Flavor can vary because unlike cattle, bison are still a relatively wild animal. Most ranchers want to keep it that way to
preserve the natural quality of their product, according to the National Bison Association.
“It’s not gamey,” said Fred Murray, sous chef at The Sandy Butler at Fort Myers Beach. “It’s a little bit stronger than beef,
and the texture is little bit more tender.”
Murray has more than a professional interest in bison. His Native American heritage includes eating bison and game.
The Sandy Butler market sells bison rib-eyes for $19.99 a pound and strip steaks for $18.99 - a few dollars more than bef
steaks.
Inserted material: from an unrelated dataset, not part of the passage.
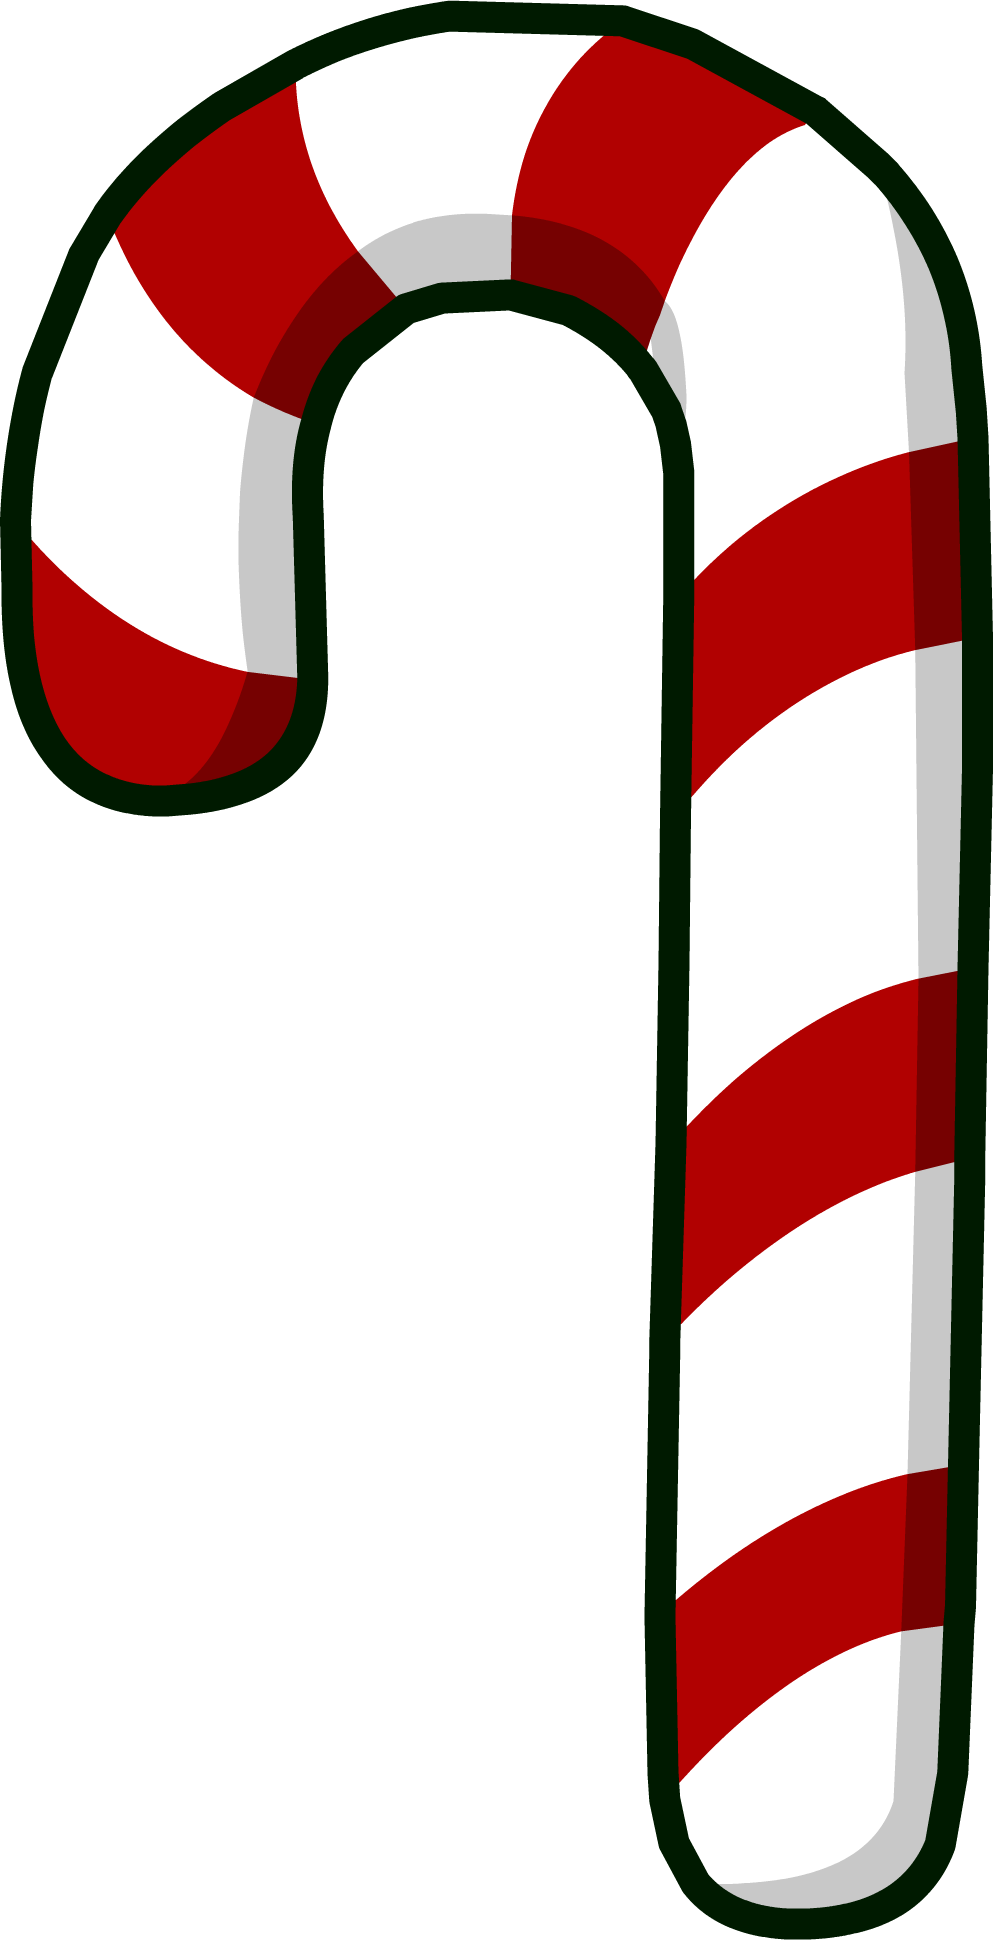 Candy Cane Images - Cartoon Candy Cane Png (1231x2411)

In the restaurant, they’re often featured as nightly specials.
“You can pan-sear it with a little garlic, mushrooms, red wine and demi-glace,” Murray said. “It goes well with wild rice
and roasted corn.”
Don’t overcook
Because bison is generally leaner than beef, it shouldn’t be cooked as long.
“If you overcook it it’s going to be like shoe leather,” Murray said.
Tender cuts, such as steaks, have little fat marbling the way a good beef steak does. That means they should be cooked to
no more than medium-rare, or the meat will come out dry and tasteless, said chef John Ash, author of “American Game
Cooking.”
Tougher cuts, such as chuck, brisket and short ribs, need to be cooked at a low temperature for a long time in order to get
tender results.
A good introduction to bison is a steak or a burger, Ash said. These also are the cuts most readily available at grocers.
Ground bison meat sells for about $7 to $9 for 12 ounces.
For steak, he prefers simple preparations that allow the unique flavor of the meat to come through, such as a simple rub of
olive oil and a sprinkling of salt and pepper for steaks.
Using ground bison, which usually is more than 90 percent lean, presents a slightly different challenge. A bison burger,
for example, will have the best flavor and texture if it is cooked to rare or medium-rare at the most. Federal guidelines
recommend cooking ground beef (and bison) to at least 155 degrees, which amounts to medium-well to well done. But that
will give you a dry and crumbly bison burger.
If you do plan to cook ground bison past medium-rare, Ash recommends adding some fattier ground beef or pork to help
keep it moist.
Additional Facts: Bison vs. buffalo
What is the difference between bison and buffalo? Scientifically, the term “buffalo” is incorrect for the North American
species; its proper Latin name is Bison bison. However, common usage has made the term “buffalo” an acceptable synonym
for the American bison, according to the National Bison Association.
And by the way, “buffalo” mozzarella is not made from bison milk but from water buffalo milk.
If you’re looking for a particular cut of bison, the association has a list of retailers on its Web site, bisoncentral.com.